The energy was already electric when I arrived at 6.45pm for a 7.15 start, abuzz with the voices of over 200 women (and a few brave or curious men). A slide show was playing from that very first performance in 2003, synchronistically at the same venue. The stage was set with 3 temptingly empty red leather barstools.



An announcement by the voluptuous MC, June Gachui, looking wickedly coquettish in tipped black trilby, brought us all to attention for the introductory short films: “Kenyan Woman”, a film by Kaz, was an elderly woman’s testimony of being gang-raped during the post-election violence. It was sobering, yet ended with her message of hope: “Never give up.” This was followed by the signature One Billion Rising short film, which highlights many forms of gender-based violence, and culminates with all the victims rising and dancing as one around the world.
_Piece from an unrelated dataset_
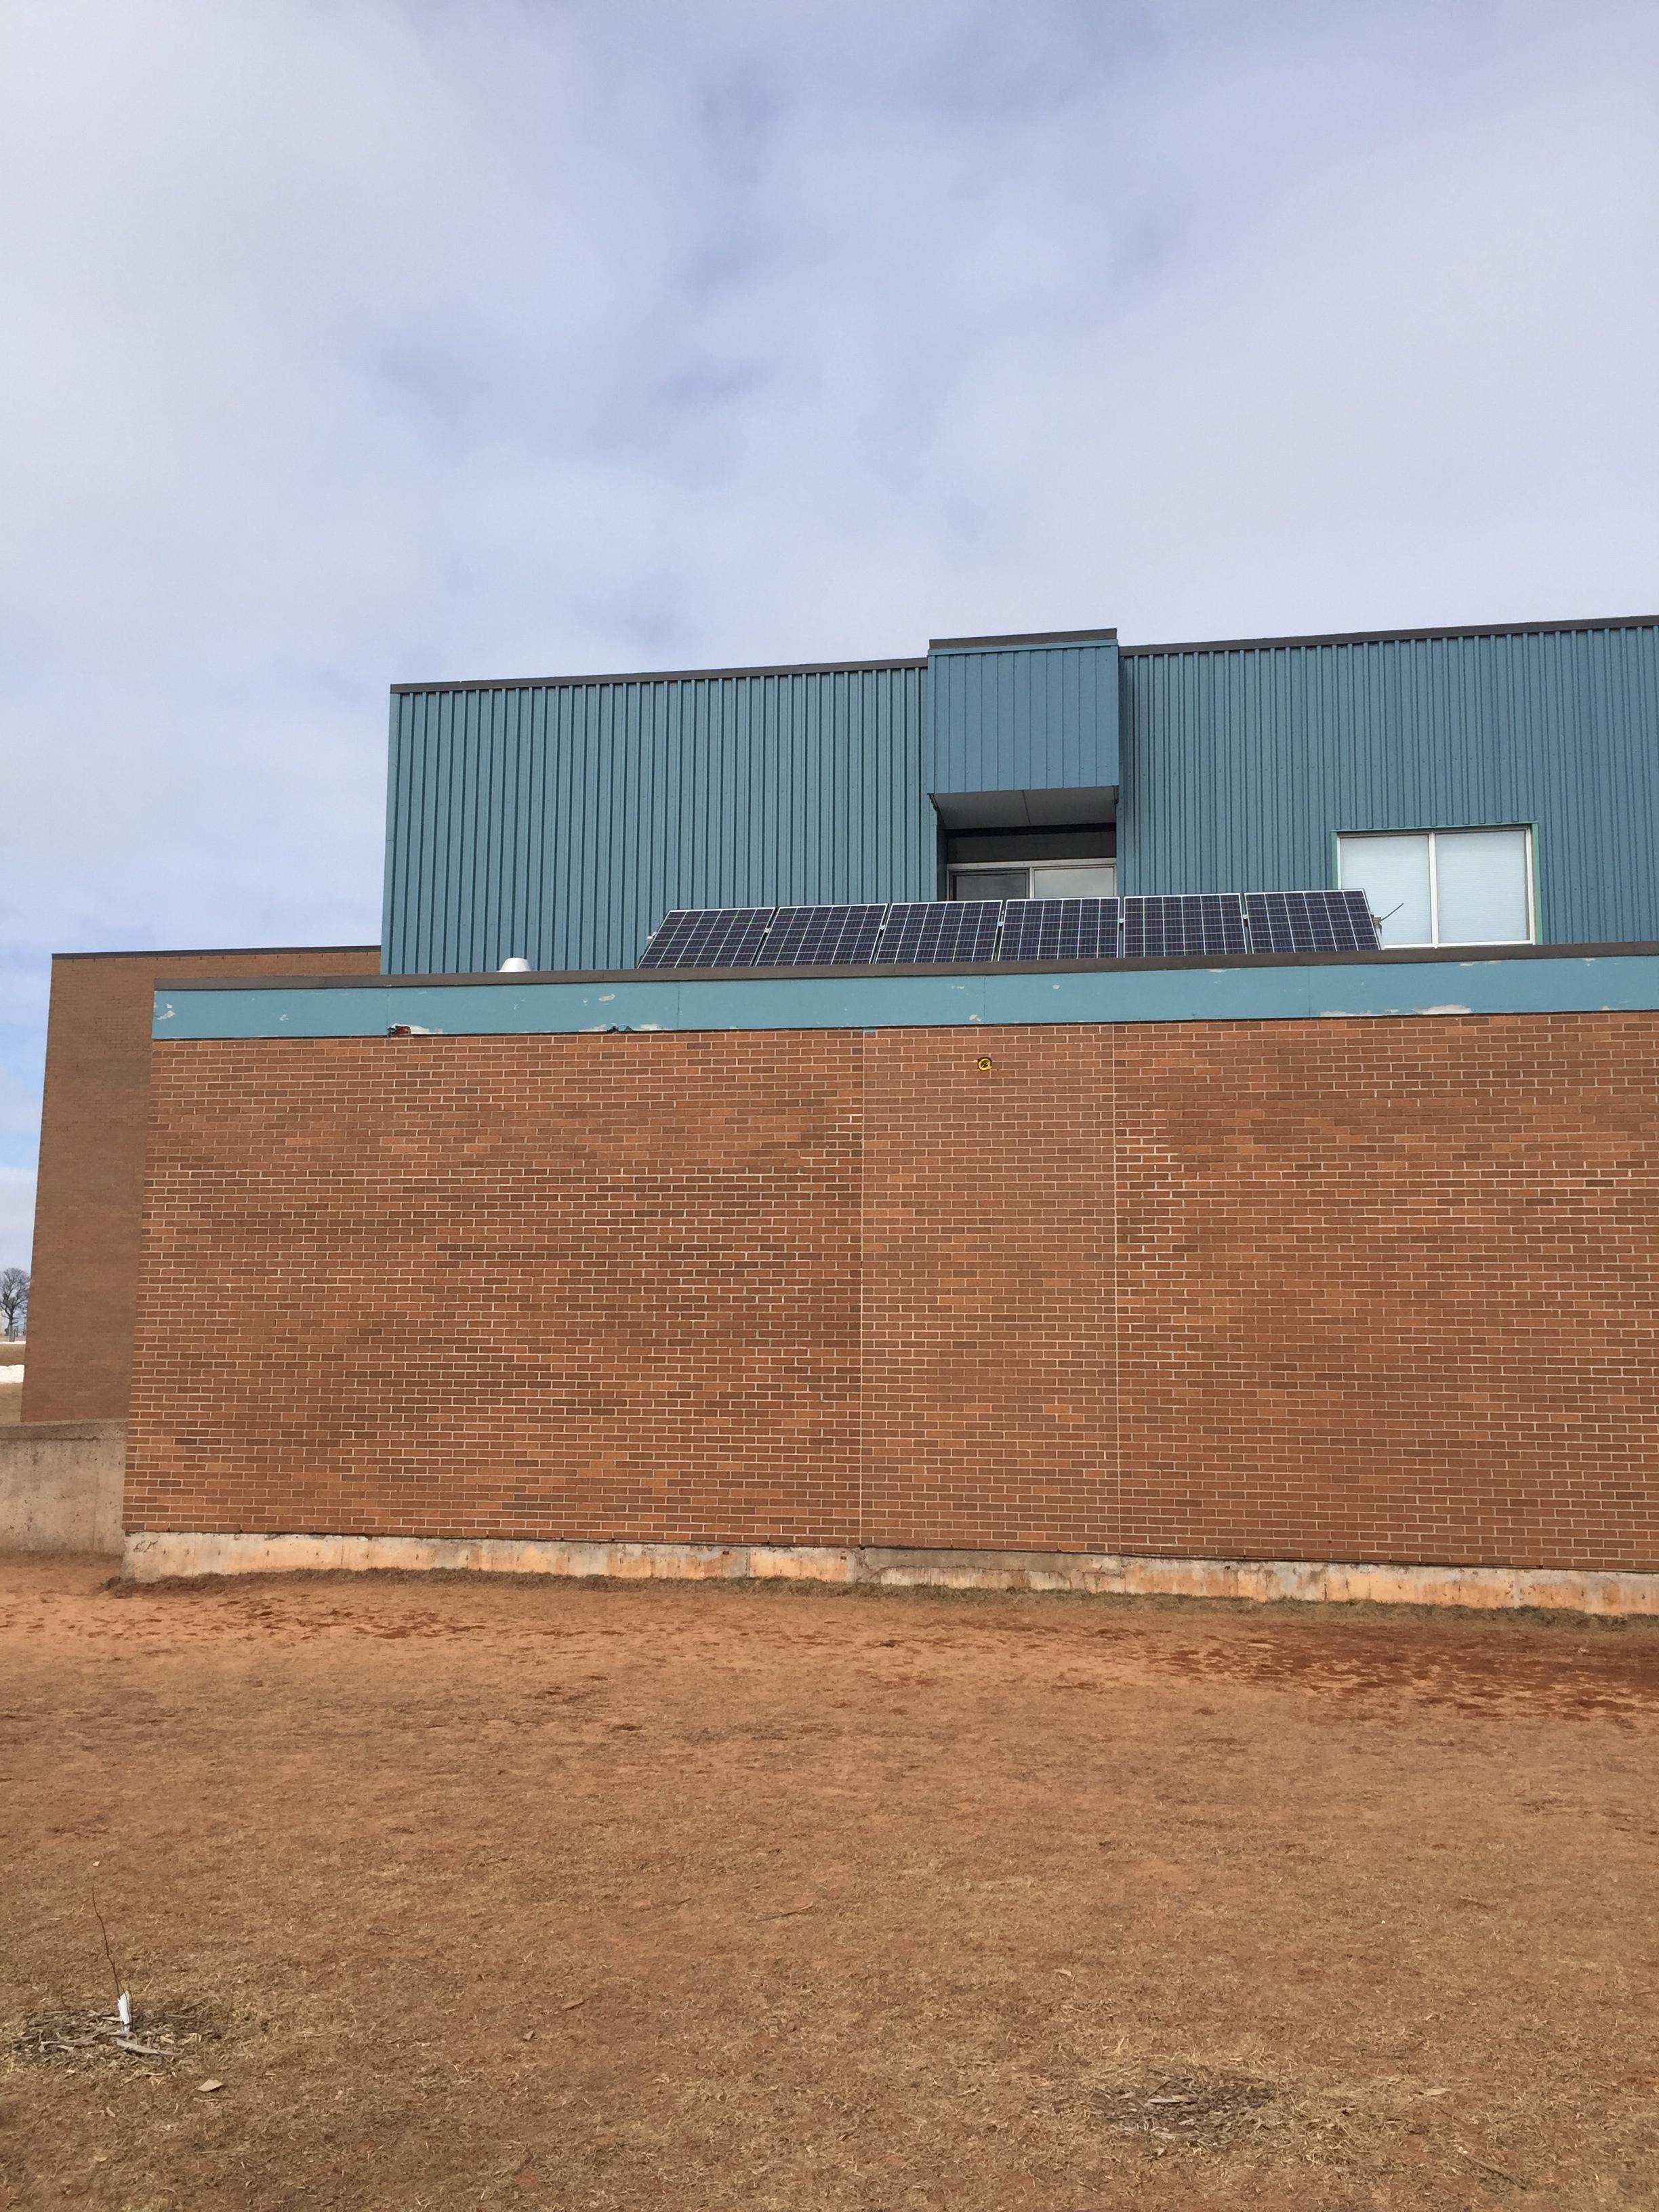 Eliot River Elementary School

Director, Mumbi Kaigwa opened with a poem in memory of Betty Kavata, who was beaten to death by her husband. She declared, “We will not forget you.” Then to rousing applause, twenty women paraded onto the stage like a pageant of top models, resplendent in the V-Day colours of black and red. Black skin, brown skin, red dresses, black dresses, red high heels; bold, buxom, lithe, elegant, startling, each different from the other, each a beauty. Some unashamedly baring cleavages or long legs in short slinky dresses. All phases of womanhood were represented here: mother and daughter; one woman full-bellied in pregnancy and another holding her newborn - the youngest “vagina warrior” in red tartan jumpsuit and red socks! They took their place in the semi-circle of chairs at the back of the stage. Then three women, or two or one would rise and sit on the red chair(s) for delivery of the different monologues.



By turns poignant and painful, uproariously funny and deliciously sexy, it was a celebration and appreciation of the wonder, mystery and beauty of vaginas. These women commanded our attention, they commanded our respect, they showed us the huge, hidden power of women; they titillated, they cajoled and convinced, they raged and railed, they appealed to our senses, they appealed to our humanity. They declared “Enough is enough!”
They had us applauding, shrieking, ululating.



One lady, Bea Imathiu, experiencing the Vagina Monologues for the first time, later reflected:



“We laughed and cried in equal measure .... I cried from a place so far, the tears didn't fall - I laughed so hard I forgot to be a lady.
The monologues painted such a vivid picture: as Kaz regaled us with "The Flood", you could feel the wetness in her dress, you involuntarily squeezed your thighs shut at her numerous embarrassments for making an old lady talk about her ‘down there’! …
I had an emergency cesarean section a few weeks ago. I was alone in there. Screaming. Crawling. Naked. So the beautiful monologue [Eve’s own],"I was there in the room" tore at me. Seared my wound all over again. How I wish I'd had someone special to witness my vagina play her part in life's miracle of miracles.”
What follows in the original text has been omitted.